Segment Open

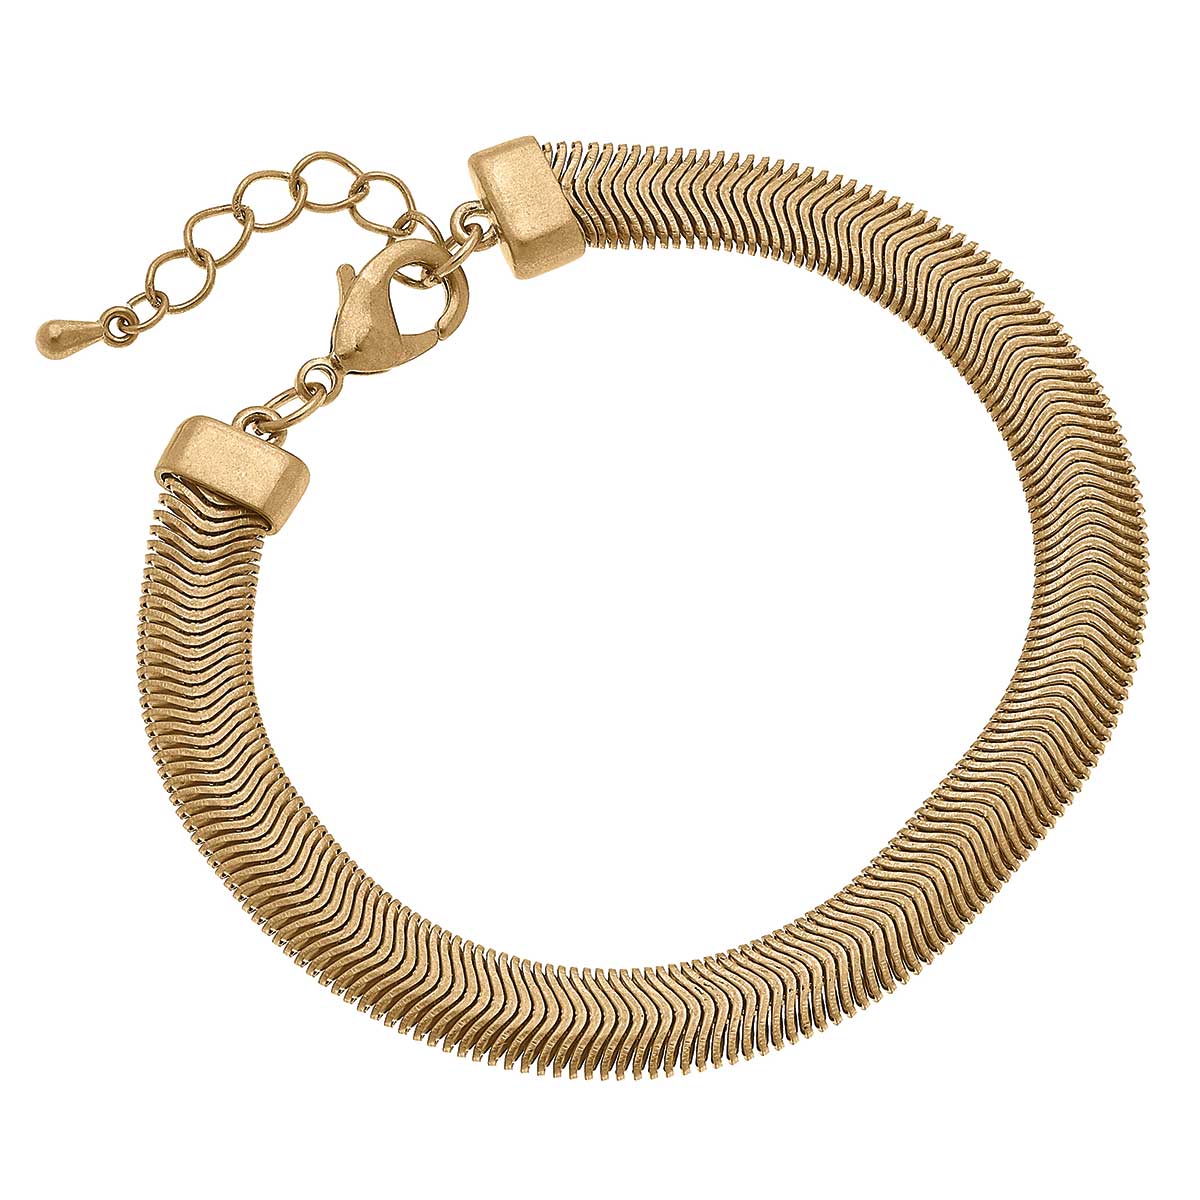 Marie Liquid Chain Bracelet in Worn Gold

Segment Closed
Segment Open

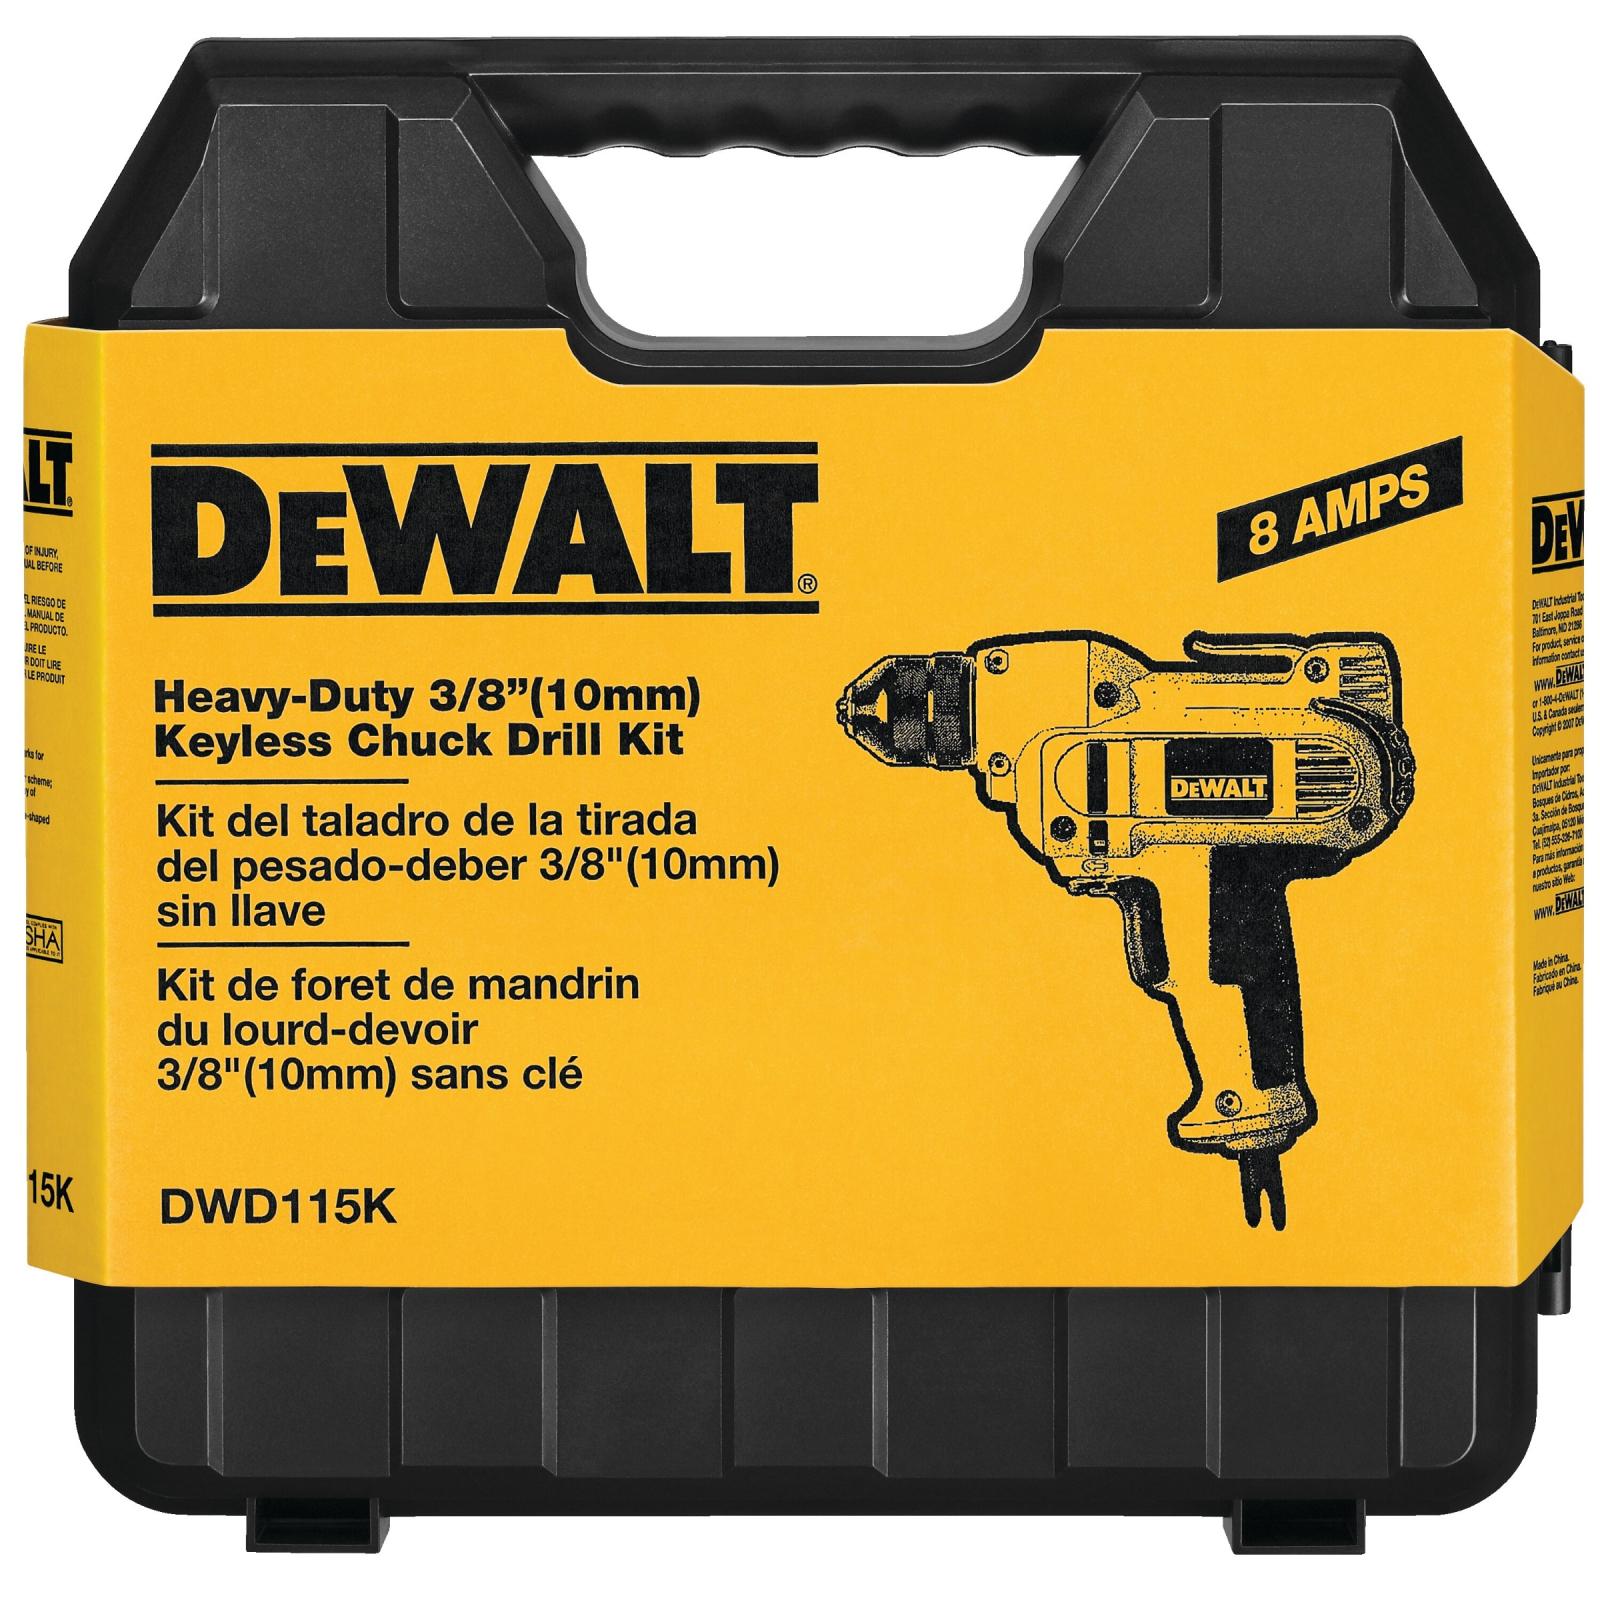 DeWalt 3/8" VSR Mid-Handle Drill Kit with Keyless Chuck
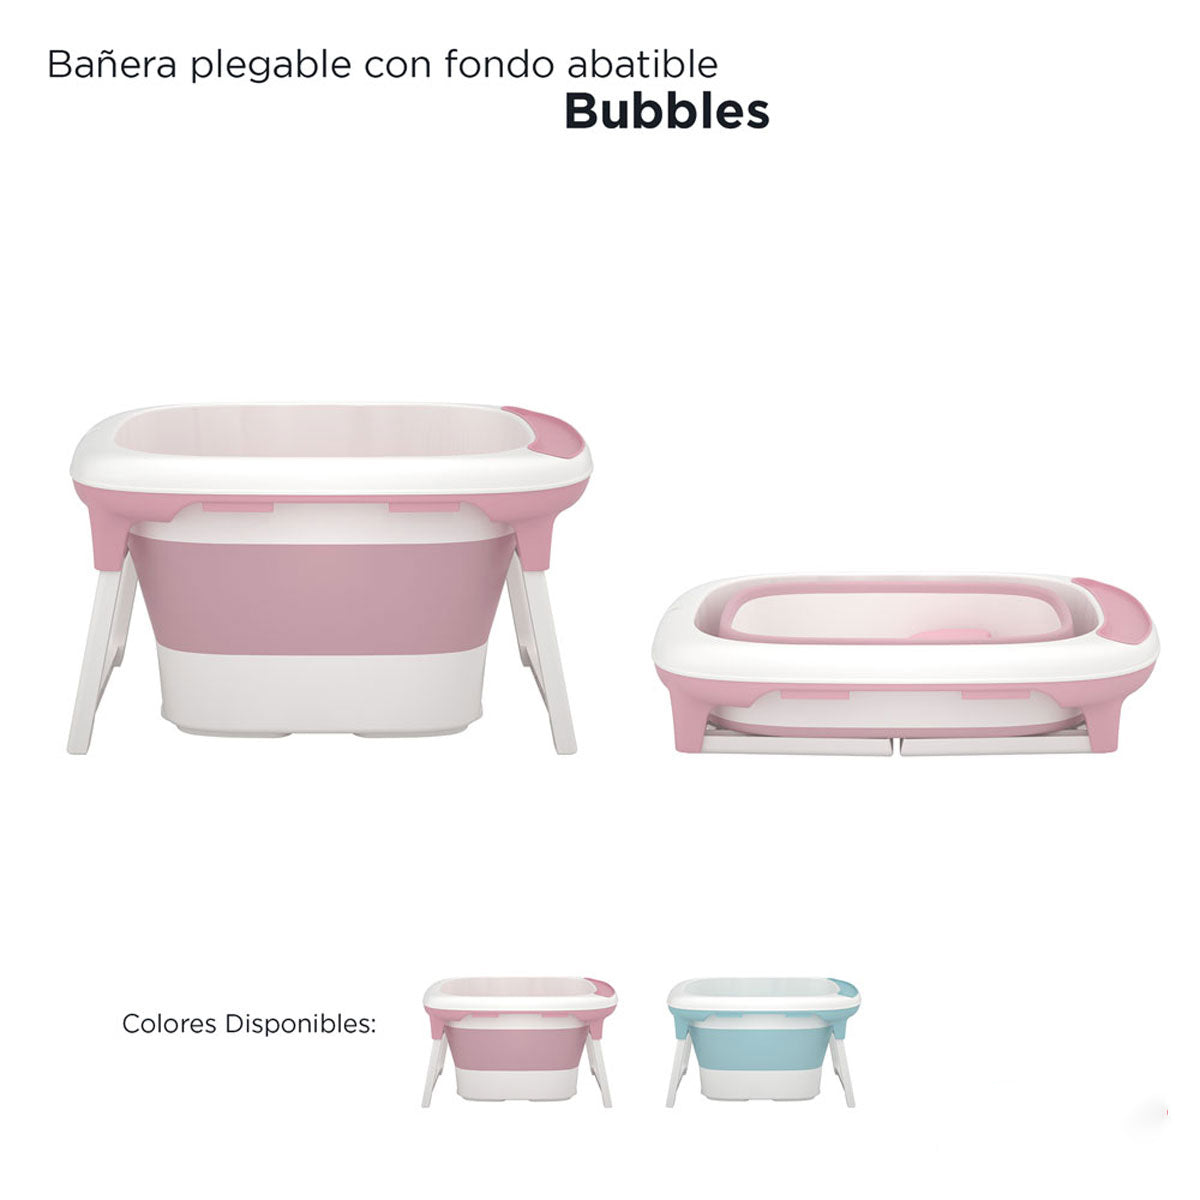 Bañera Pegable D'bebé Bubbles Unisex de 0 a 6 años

Segment Closed

# ACTION ITEM
Retype, exactly and with no pictures, everything above from the line with "with Keyless Chuck" down to the line with "Bañera Pegable D'bebé", both included.

# TASK SOLUTION
 DeWalt 3/8" VSR Mid-Handle Drill Kit with Keyless Chuck
 Bañera Pegable D'bebé Bubbles Unisex de 0 a 6 años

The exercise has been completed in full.